Sternschnuppen im September 2017: 100 Sternschnuppen pro Stunde! Diese Nacht wird magisch

Im September flitzen einige Sternschnuppen über den Nachthimmel.

Im September flitzen einige Sternschnuppen über den Nachthimmel. Bild: dpa

Der Sternschnuppen-Supermonat ist vorbei! Doch wer die Perseiden verpasst hat, muss sich nicht grämen. Im September 2017 gibt es nämlich auch einige Highlights für Astronomie-Fans zu sehen.

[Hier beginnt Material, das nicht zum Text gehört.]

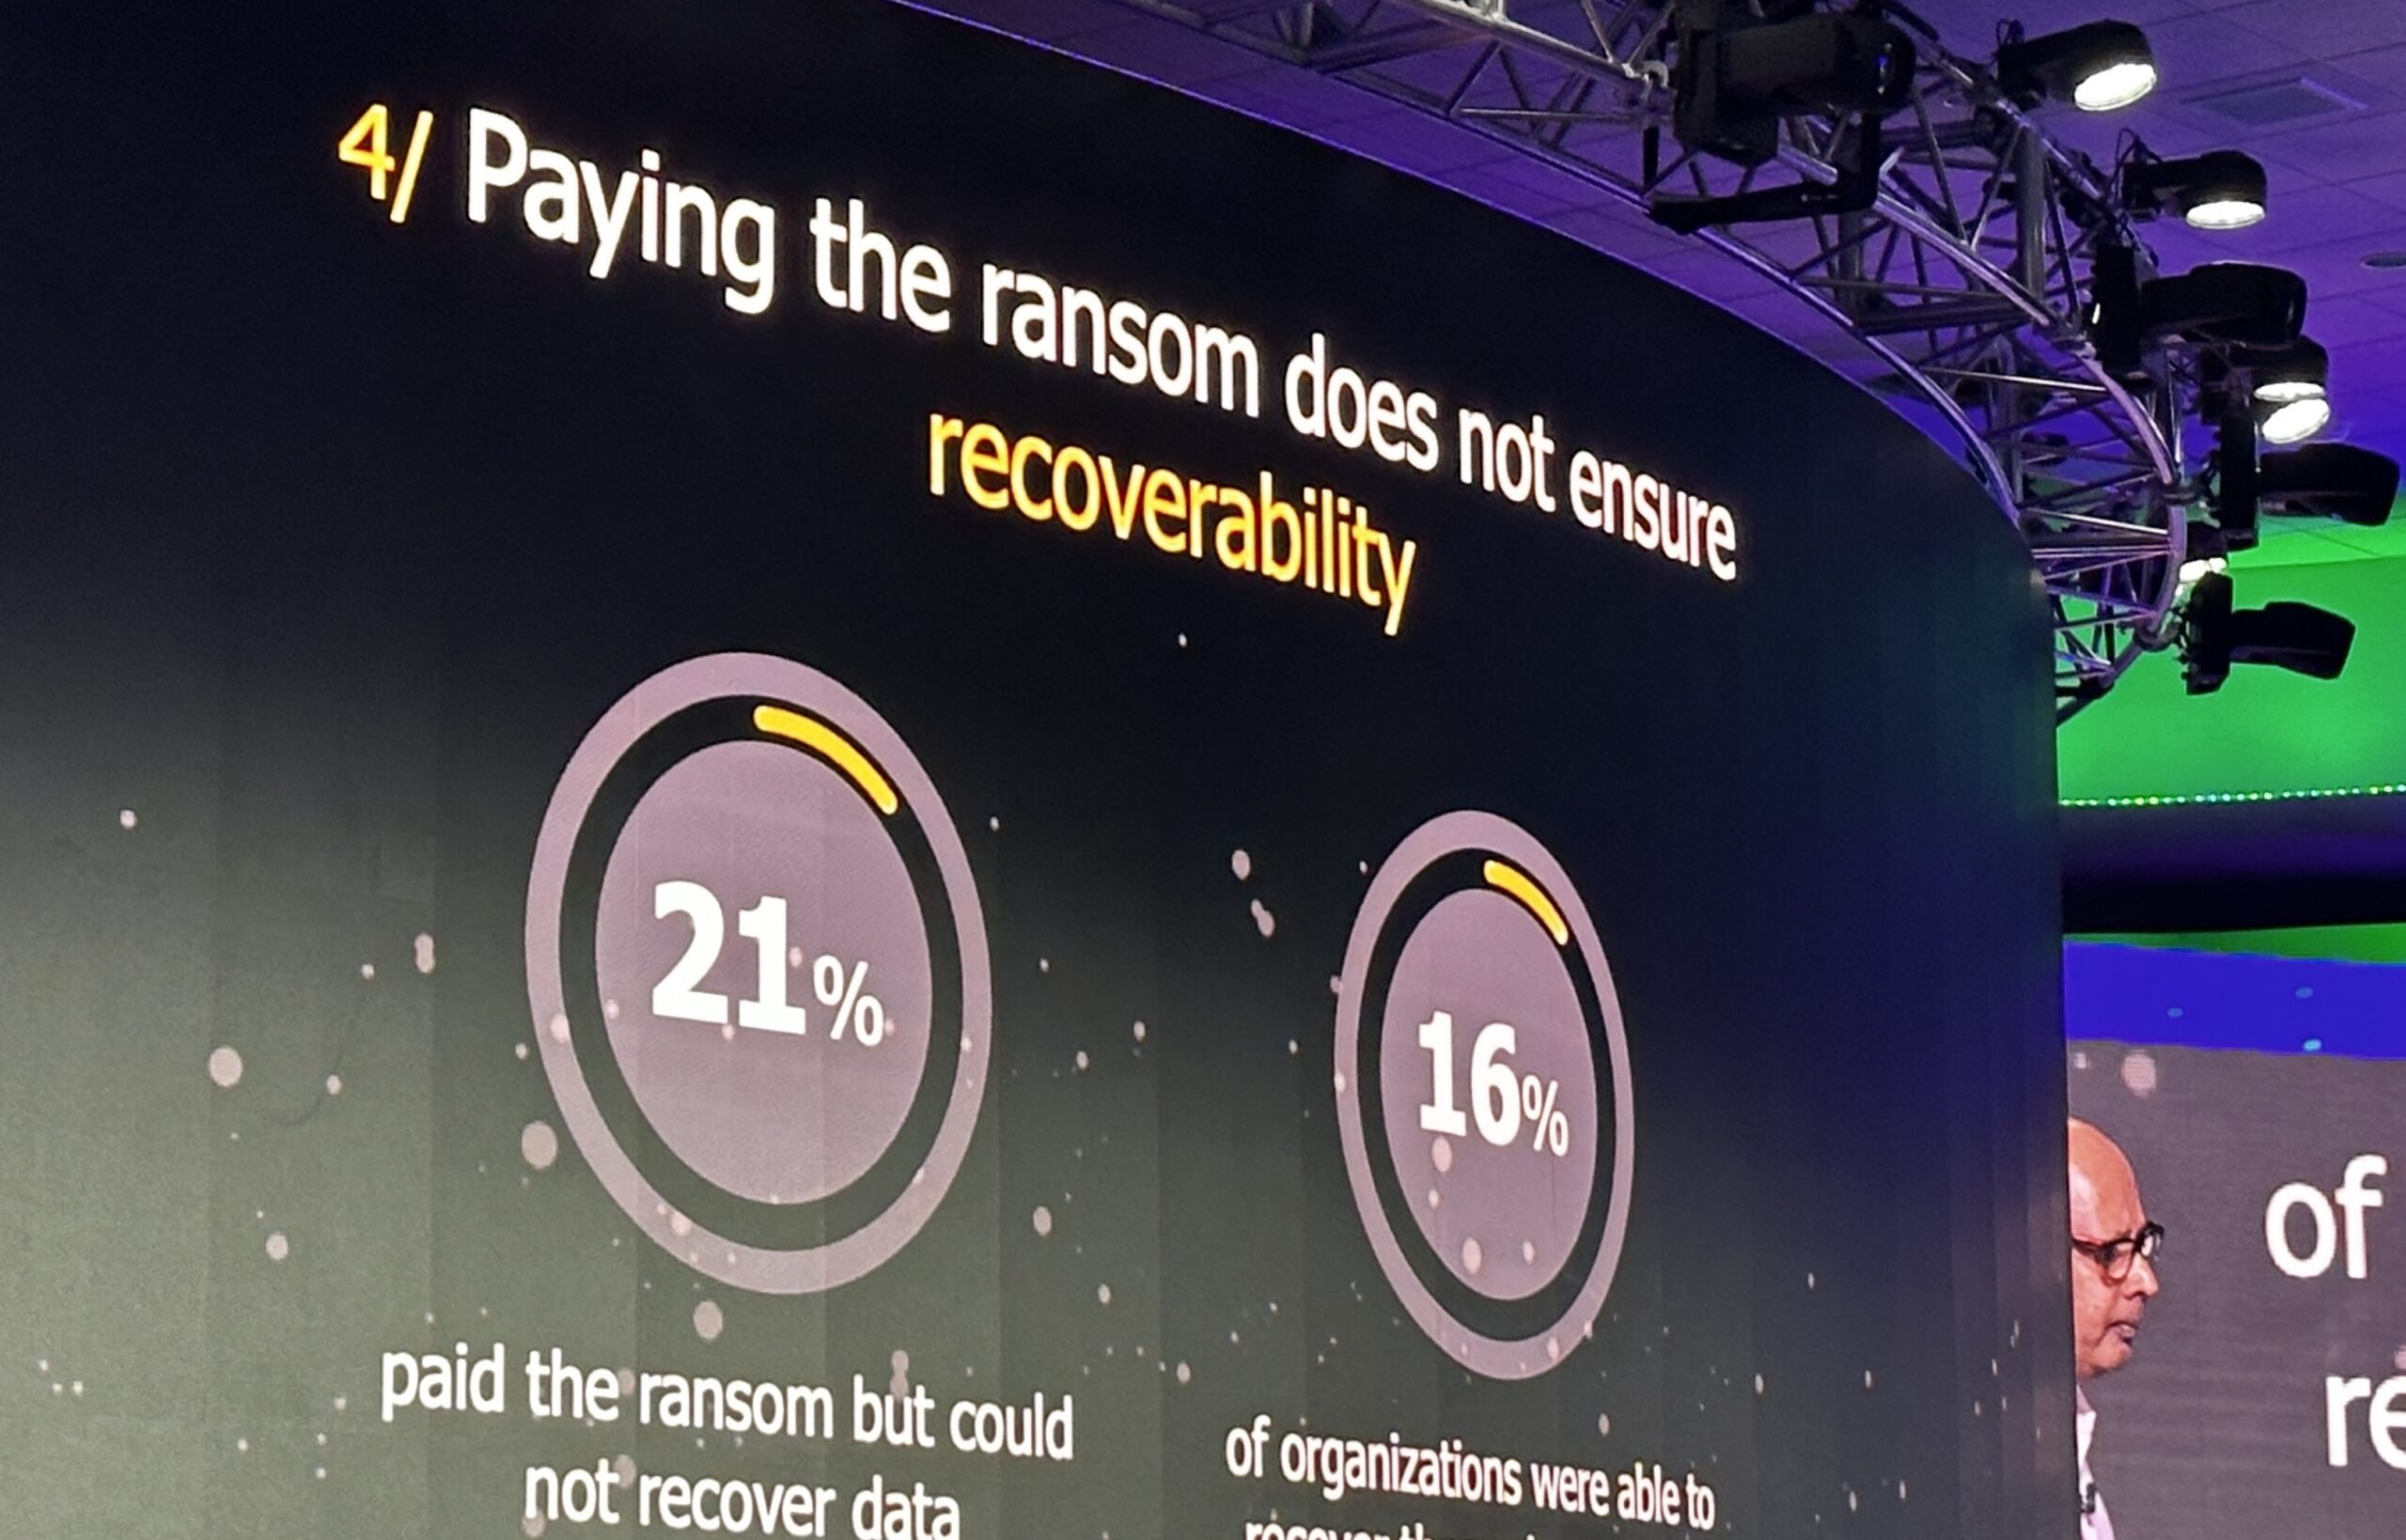 Veeam: Ransomware keeps rising, and paying fraudsters is still not the right approach

Alpha-Aurigiden und Pisciden: DIESE Sternschnuppen-Ströme gibt's im September 2017

In der Nacht zum 01.09.2017 gibt es die ersten Sternschnuppen des Monats zu sehen. Dann erreichen bereits die Alpha-Aurigiden ihr Maximum. Dieser Strom ist sehr vielversprechend. 2007 konnte man mehr als 100 Meteore am Himmel sehen.

Doch damit nicht genug: Am 19. September 2017 sind die Pisciden am Himmel sichtbar. Pro Stunde werden allerdings nur fünf bis zehn Lichtkugeln erwartet. Die beste Beobachtungszeit liegt zwischen 22 und 4 Uhr morgens.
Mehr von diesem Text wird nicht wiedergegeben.